Our focus on the former Carolingian empire means we do not consider British, Irish or Byzantine evidence at all, and northern Iberia only in passing.Footnote 41 However, it is also worth noting that highlighting certain areas or pockets of evidence within the former empire naturally means that other areas are considered only intermittently in what follows, even in regions that were formerly subject to the Carolingian rulers. In particular, local priests from northern and central Italy and Catalonia, despite being part of the ninth-century Carolingian empire, feature in this book only sporadically. This is not because of a lack of material or thematic comparability: Maureen Miller, for instance, has shown in her work on the diocese of Verona that the number of rural churches, and presumably therefore also local priests, increased significantly from the second half of the tenth century onwards, though bishops perhaps exercised a more limited authority here than north of the Alps.Footnote 42
The justification for this is two-fold. First, from a pragmatic perspective, there are distinctive historiographical traditions around priests in northern Italy and Catalonia, whose complete integration is impossible within the confines of a single study, or at least within this one. We hope our book may serve as inspiration for further work on this material, demonstrating more clearly its distinctive features and exploring potential commonalities. Second, our geographical focus is shaped by our research agenda. It has helped us to contextualise our findings more clearly, using recent scholarship that has enhanced our knowledge of the local priest in ninth-century Francia to track changes more precisely than a wider scope would allow. It is through pinpointing how the position and lifeworlds of local priests in the tenth and earlier eleventh centuries differed from that of the ninth century that our book seeks to shed light on larger questions around the changing organisation and impact of ecclesiastical infrastructures on early medieval societies. At the same time, it also helps us to side-step – or rather decentre – the critiques of Peter Damian and others that may have influenced more recent scholarship. Those critiques were generated in the context of the circumstances in Italy and Rome, rather than Freising, the Rhineland or the regions north of the Pyrenees. Our geographical scope has the advantage, we think, of helping us to avoid viewing the world of priests in western Europe only through the lens of the later eleventh-century Roman reformers.

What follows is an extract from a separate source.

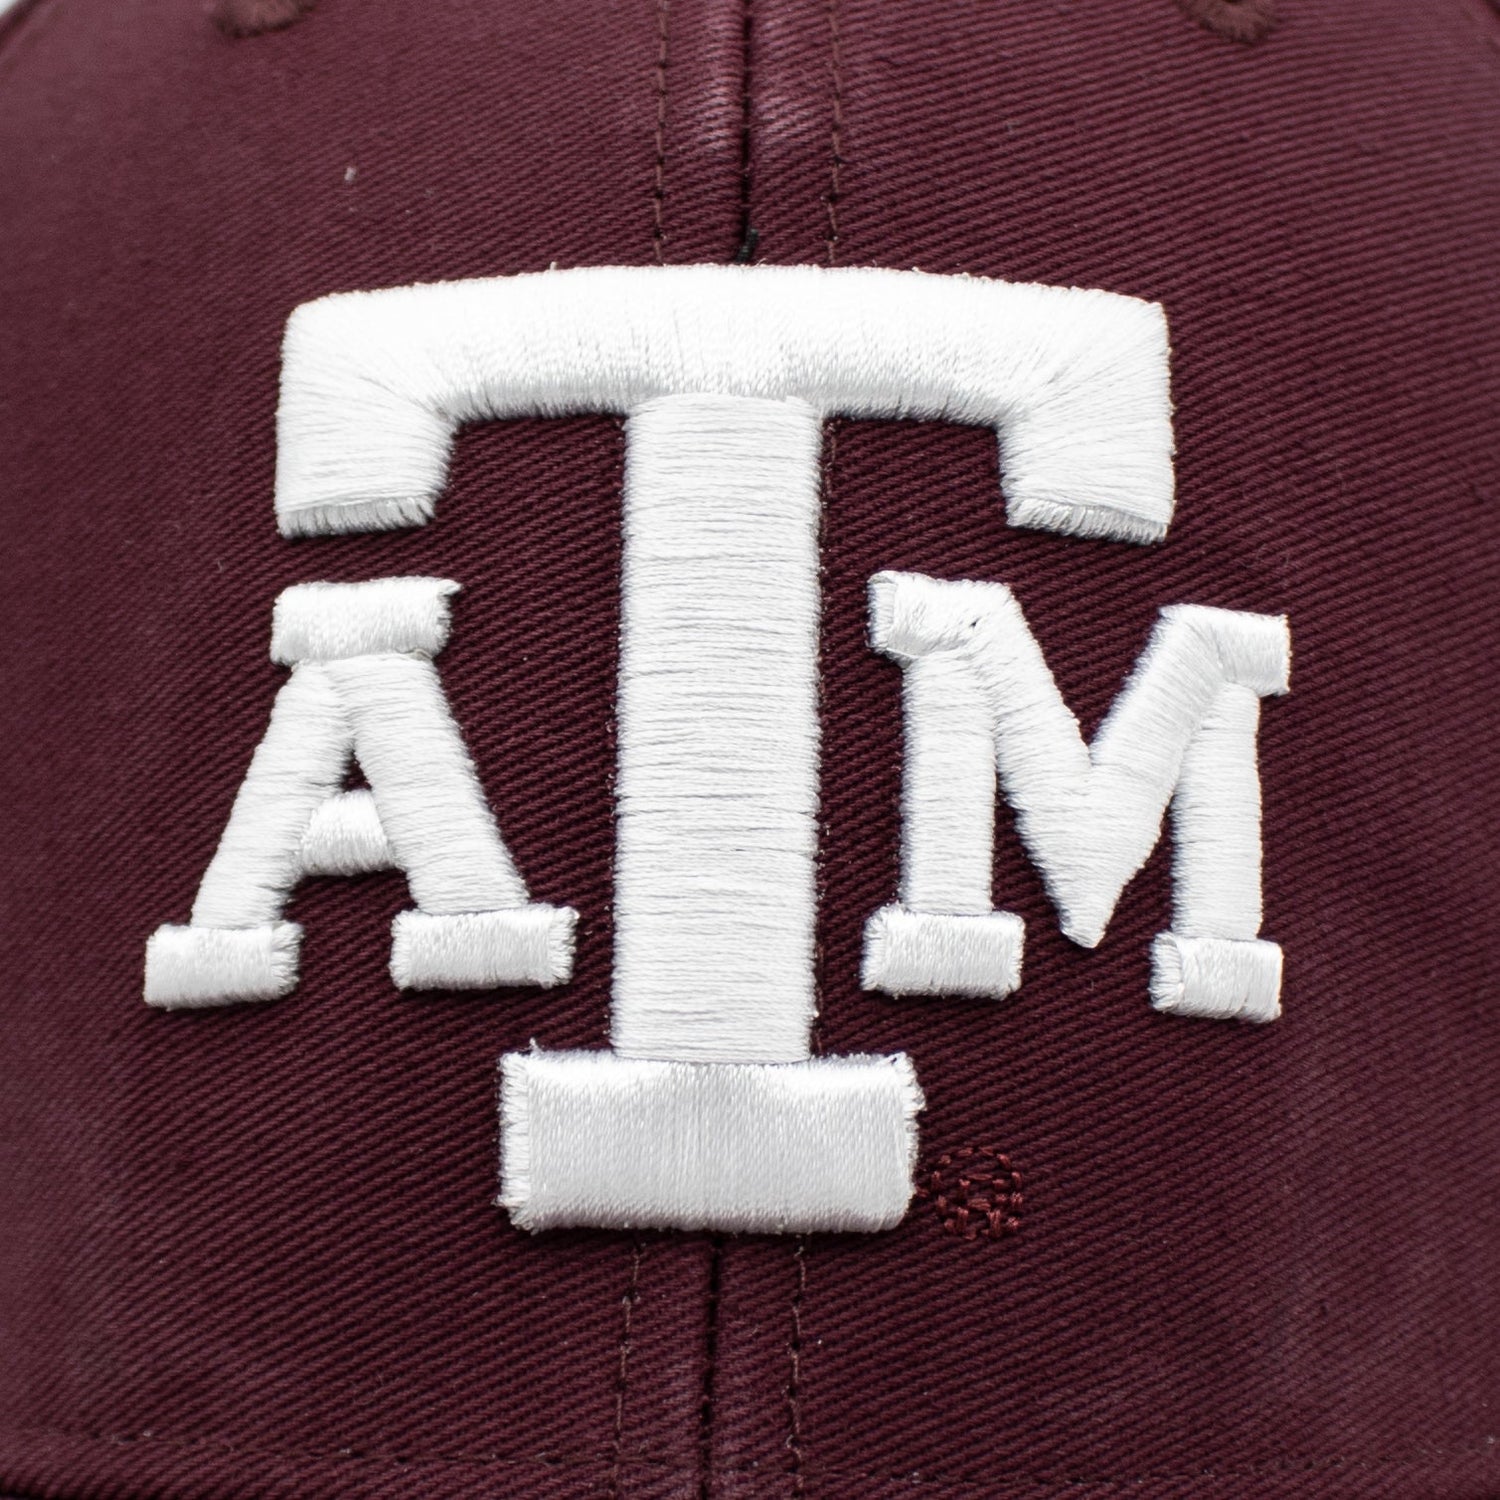 Texas A&M '47 Brand Legends Mvp Block Atm Hat
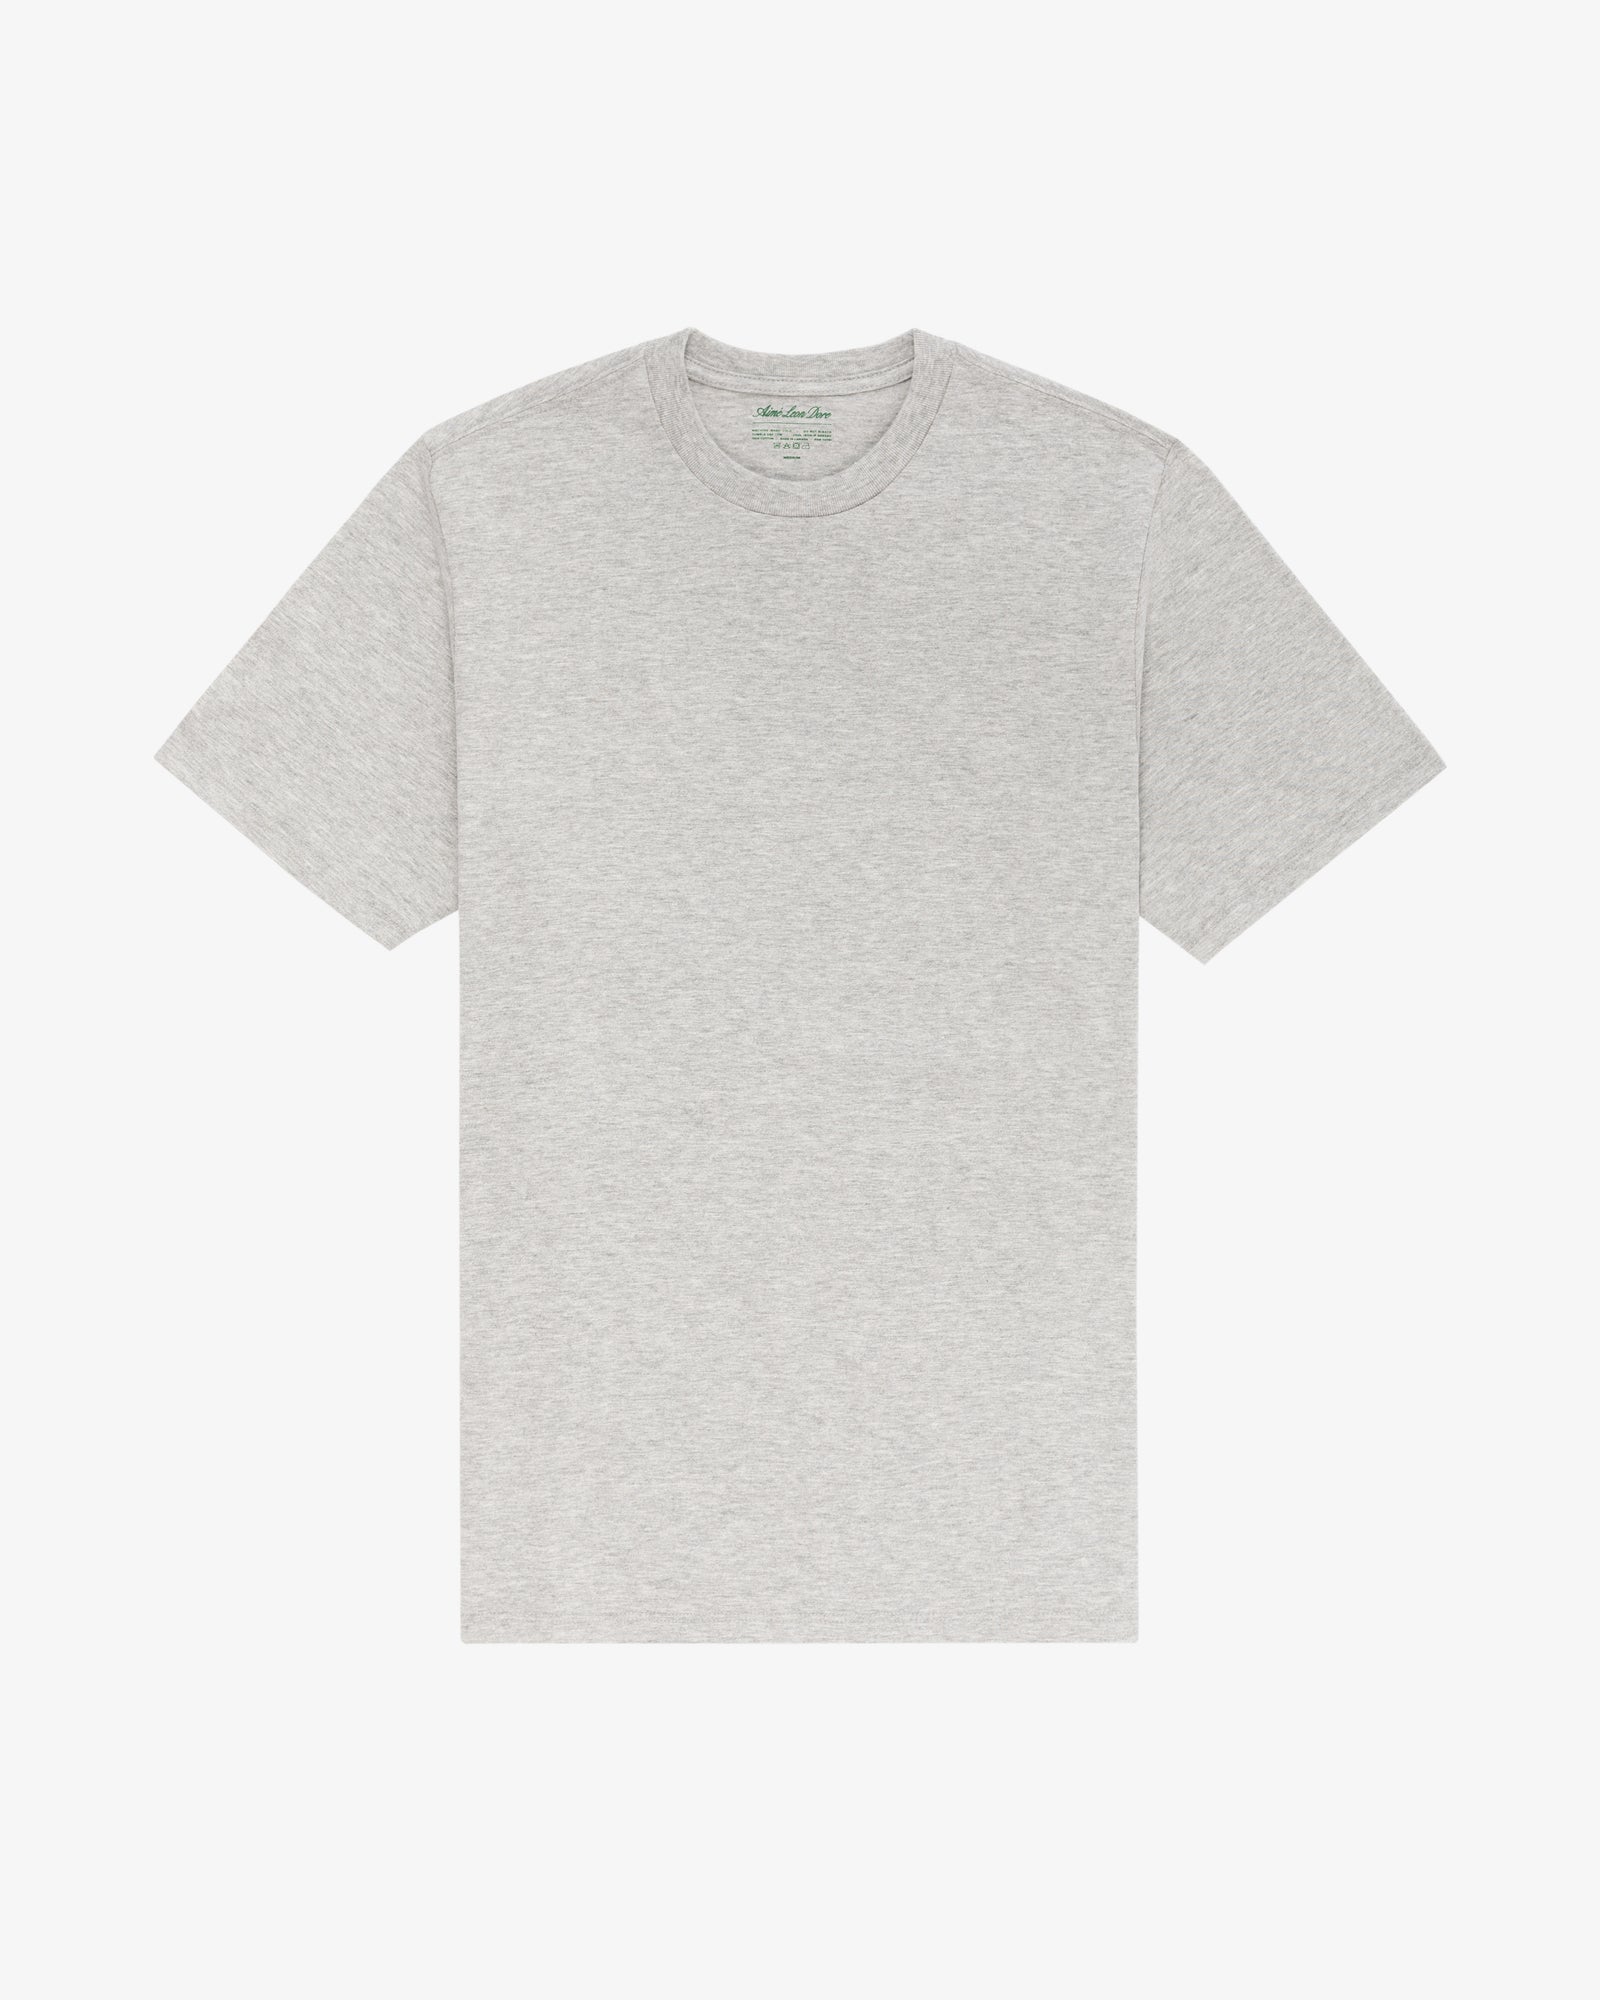 Unboxing this minimal & classic #AimeLeonDore t-shirt and baseball cap

Our argument is not that existing narratives around church reform are mistaken, but that, through their focus on the elite figures and learned discourses that dominated the conversation in certain parts of western Europe, they have only captured part of the picture. By placing local priests and their practices in different regions’ centre stage, we restore a missing dimension to the story, which qualifies the stories of the struggles between popes, their allies and their opponents. A perspective that focuses on the clerical figure of most importance for the wider population reveals a different rhythm of change.